Carpas noturnas
Sonhei que andava de braço dado com ele. Ele quem? Pouco importava, pois não me lembro de seu rosto. E desconfio que não tivesse. Me pagou um café num dia mergulhado em sol. Uma conversa vaga e sem graça. Mais sabor tinha o café do que ele - e sua falta de expressividade.
- Acho que vai chover...
Nos abrigamos num toldo e logo ventava tanto que por pouco este não era levado. Se estivesse acordada, teria tido medo? Sim, mas então eu não tinha medo porque sabia que era sonho? E sabia? De supetão a chuva parou e ele me puxou pela mão.

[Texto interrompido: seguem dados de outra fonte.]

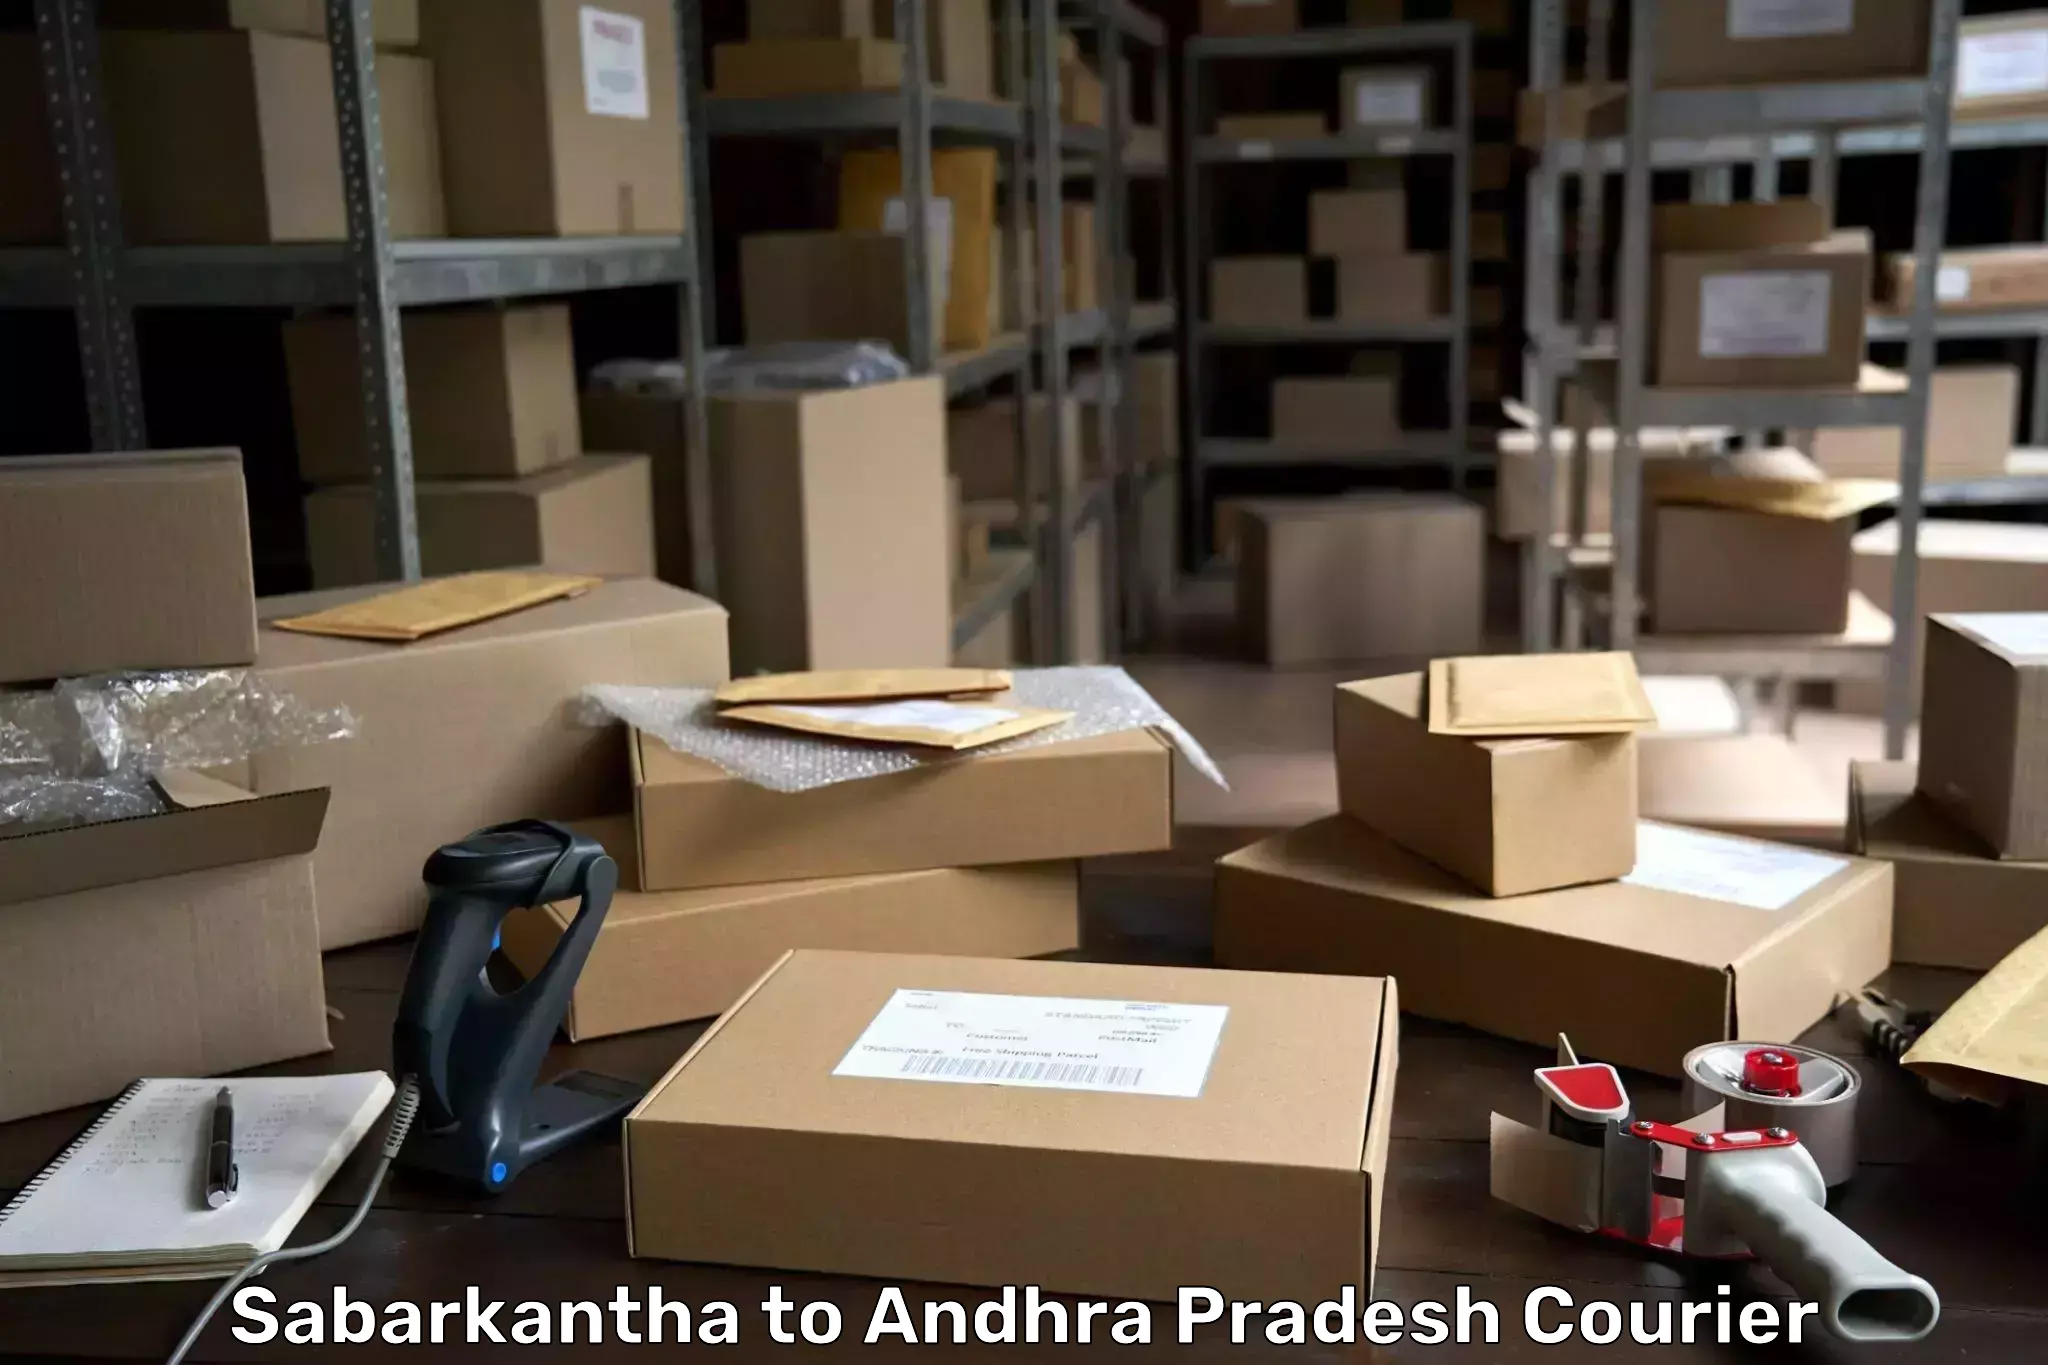 Modern courier technology Sabarkantha to Vijayawada

Estávamos na Praça do Relógio e vi que a água tinha alagado um buraco grande, de onde o mato crescia valente. As folhas cortavam a superfície e vi que havia mais vida lá. Eram peixes, mais especificamente carpas, negras e vermelhas e eu pensando:
- Mas o que vocês estão fazendo aí?
Ele me disse que elas deveriam estar num laguinho lá perto e que a chuva devia tê-las trazido. Não dei atenção e percebi que ele tinha medo delas. Meu nariz começou a sangrar coágulos de sangue. Antes de desaparecer ele me deu um lenço, a princípio recusado, mas logo aceito: o sangue que pingava deixava as carpas agitadas.

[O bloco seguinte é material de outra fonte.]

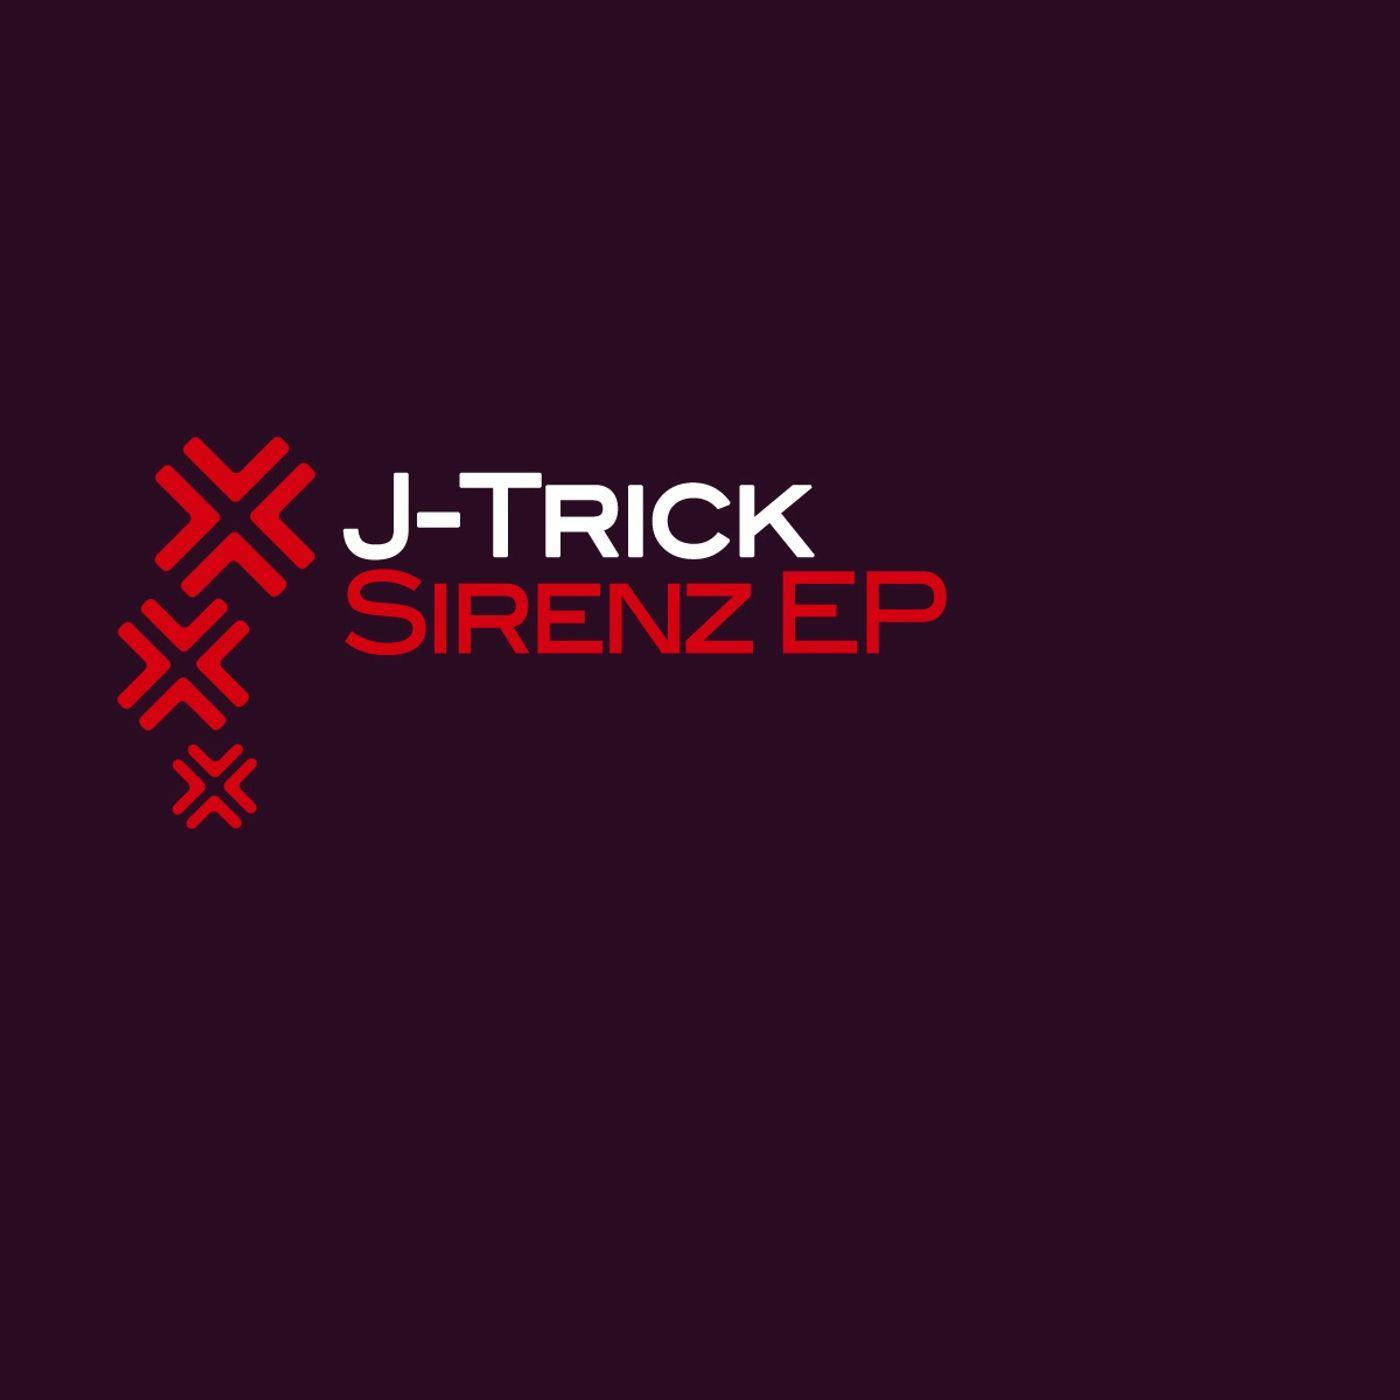 Sirenz EP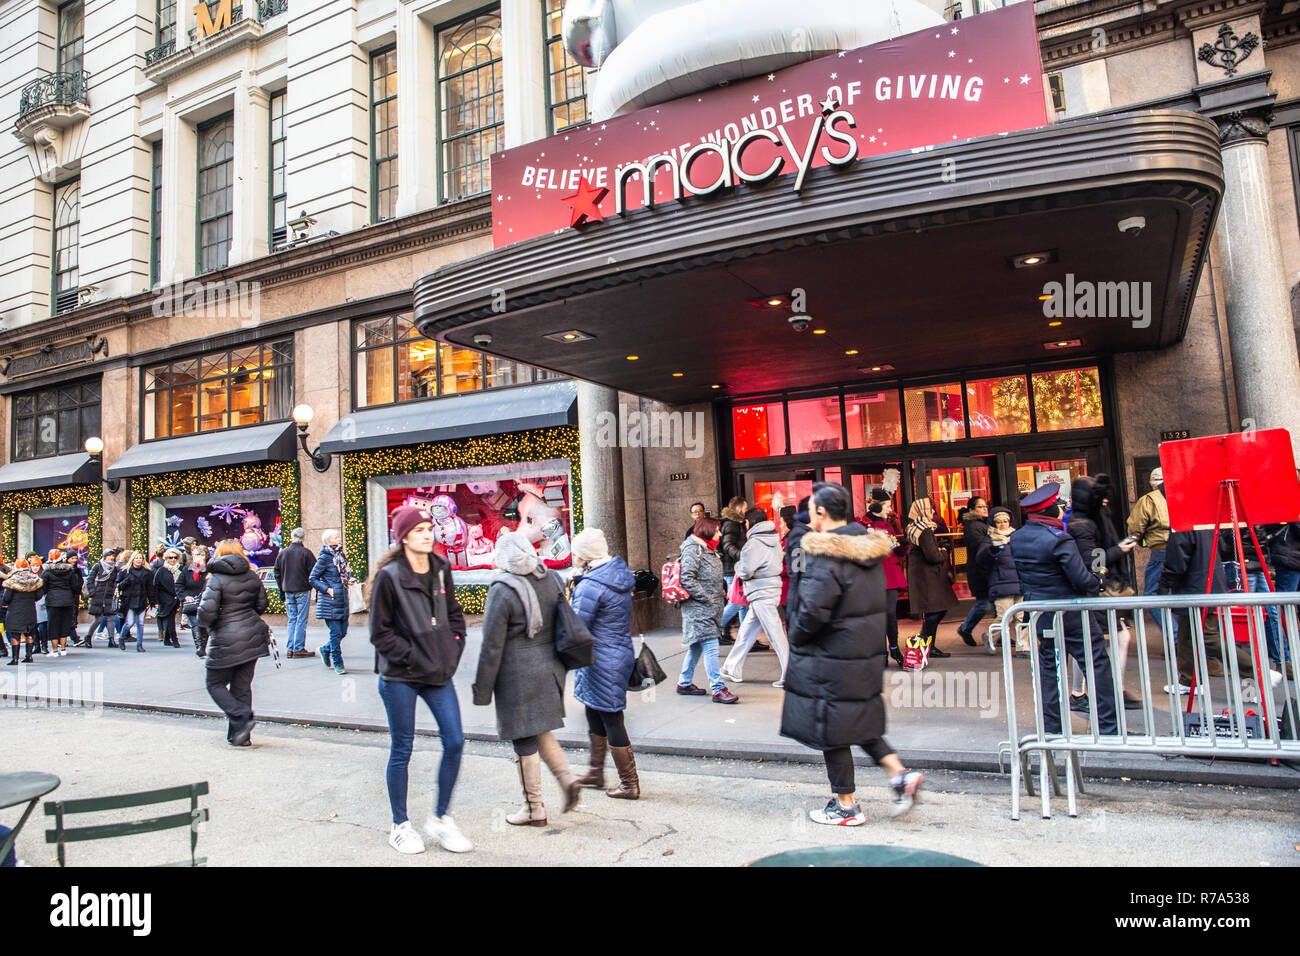 La CIUDAD DE NUEVA YORK, 7 de diciembre de 2018: Navidad en Nueva York escena en la calle desde el centro comercial Macy's en Herald Square en Manhattan con ventana de vacaciones di Foto de stock

Continuei caminhando pelo terreno alagadiço, pensando nas carpas e não contendo o meu assombramento com aquele céu tão claro e lúcido. Ou era eu quem estava lúcida? Senti que era o fim dos tempos e que eu era o último ser humano na Terra. Aquele gosto de fim dos tempos, gosto de leite desnatado.

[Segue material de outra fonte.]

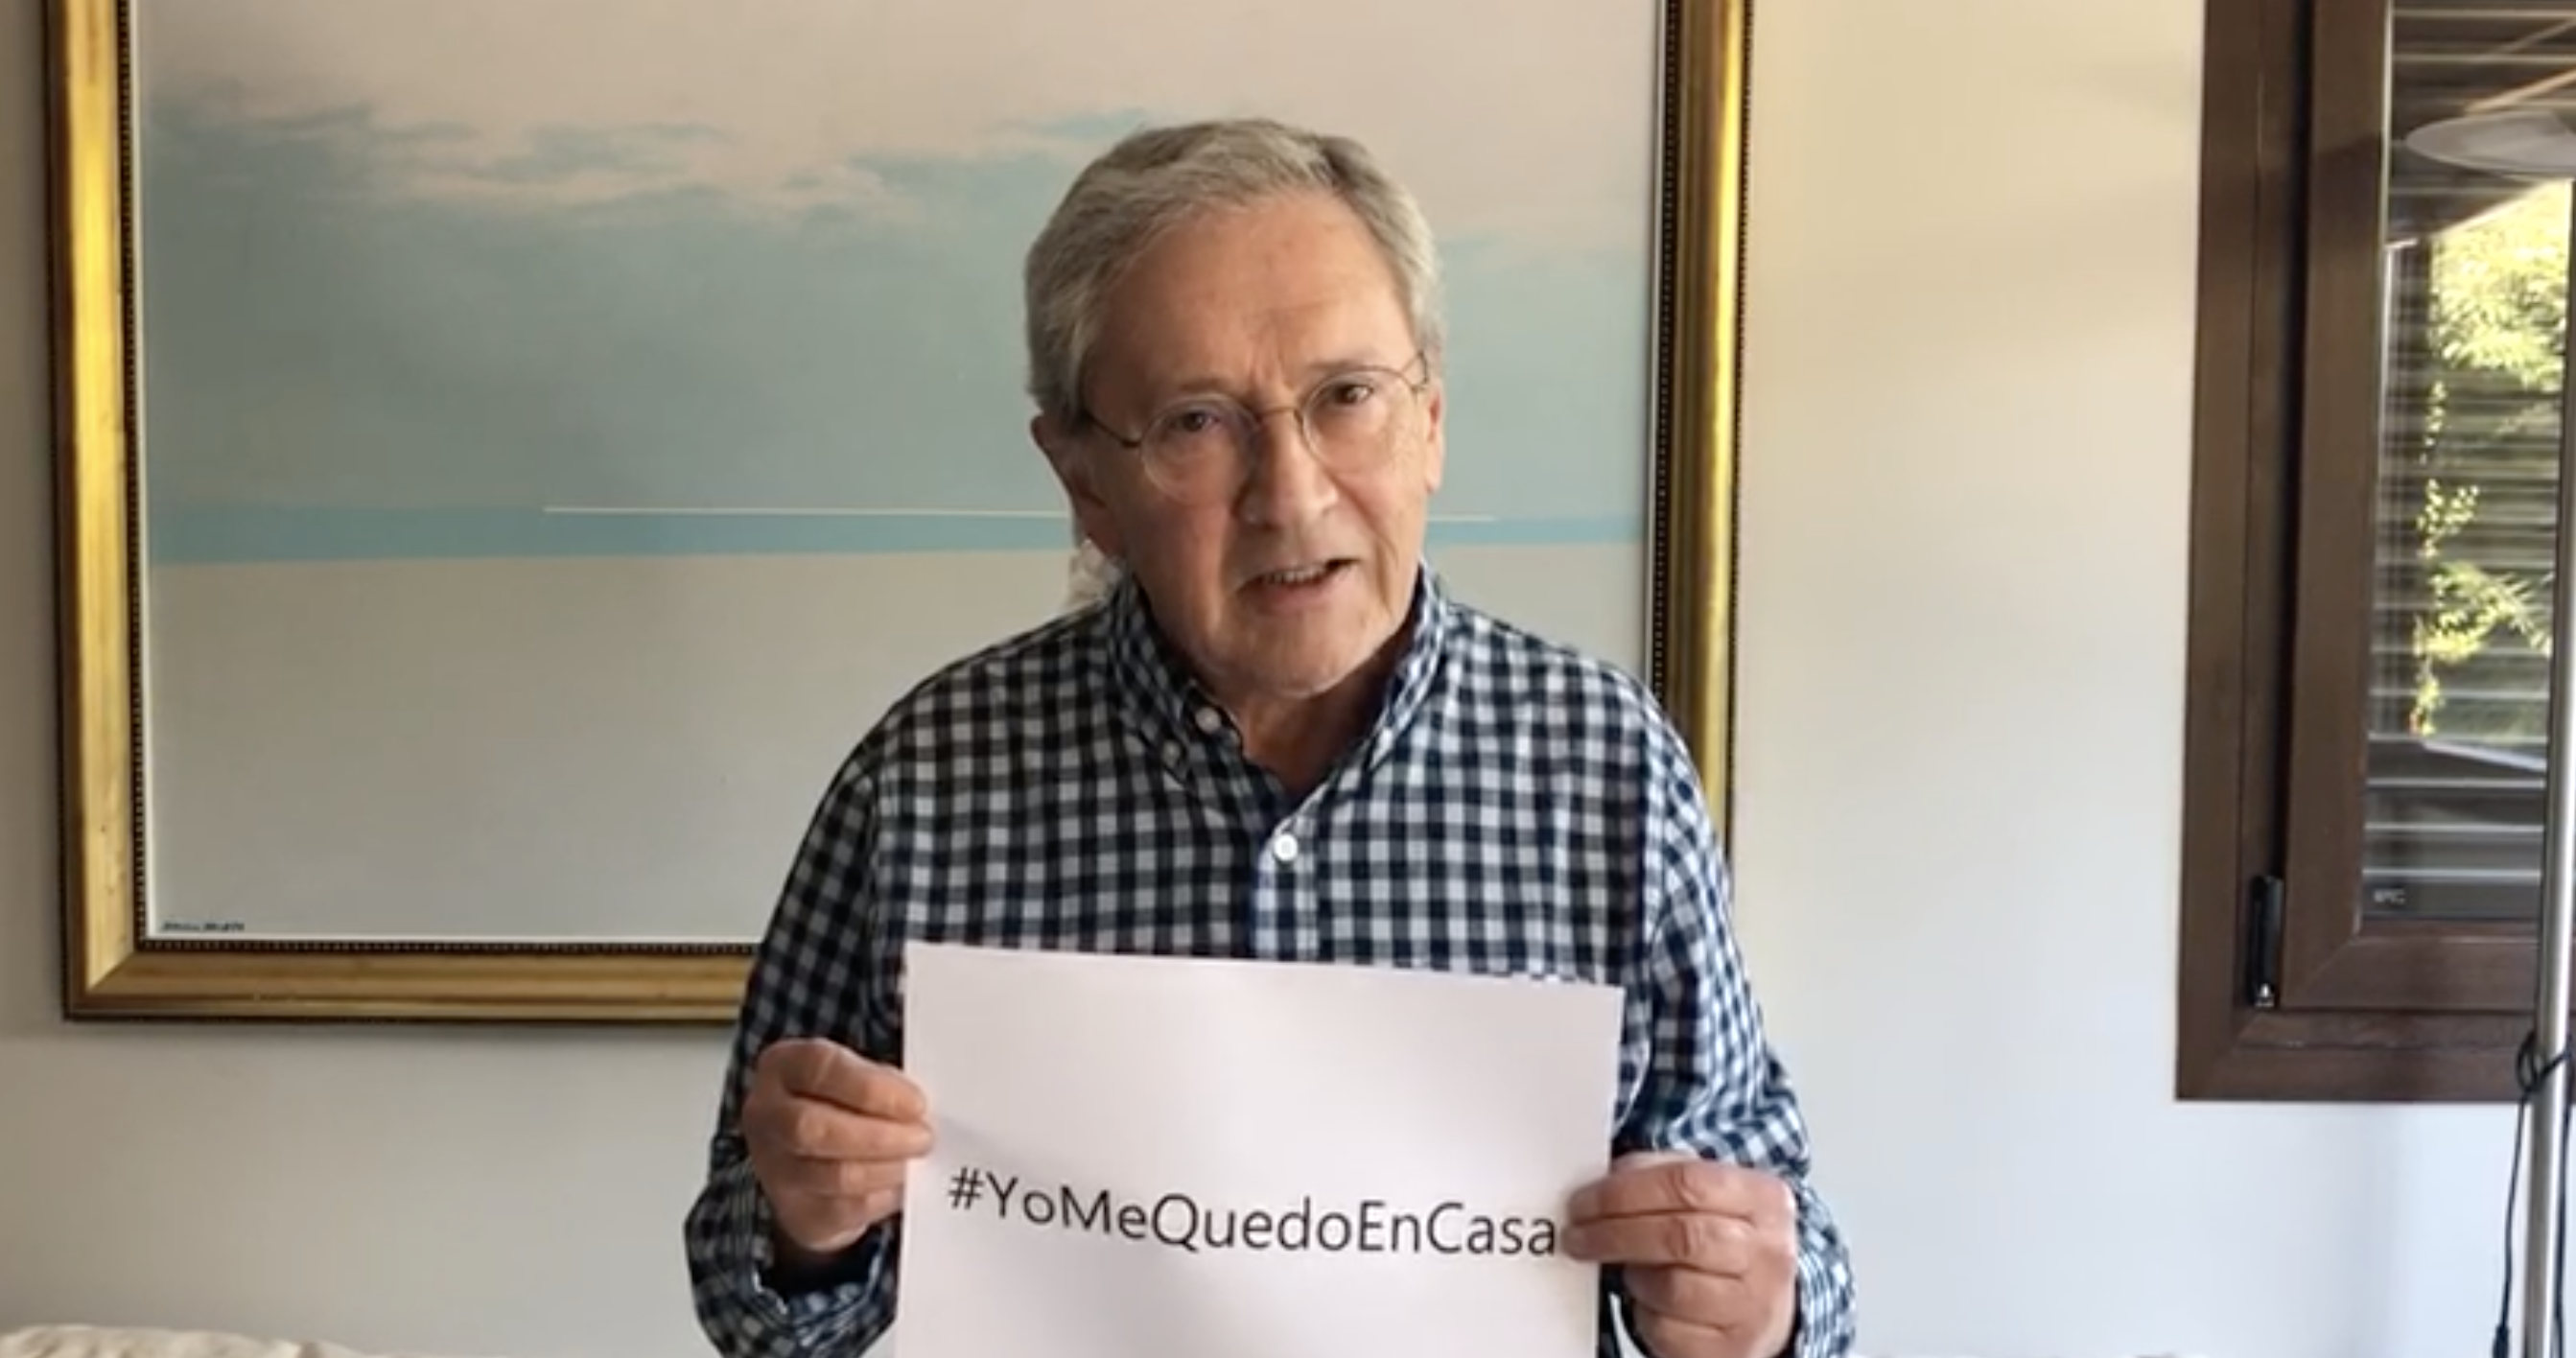 Fernando Ónega - #YoMeQuedoEnCasa: La campaña para frenar el coronavirus

Sentei para descansar. O lenço encharcado de sangue e a grama de água. Fechei os olhos e me senti terrivelmente cansada. Queria voltar para casa? Que casa? Eu podia não ter visto muito, podia não ter visto tudo, mas sabia que as coisas tinham mudado para sempre. Queria me livrar daquele cheiro de sangue como tinha me livrado do café, dele e das carpas que misteriosamente o amedrontavam.
Acordei com o cheiro de sangue - e o travesseiro manchado de vermelho-sangue - naturalmente.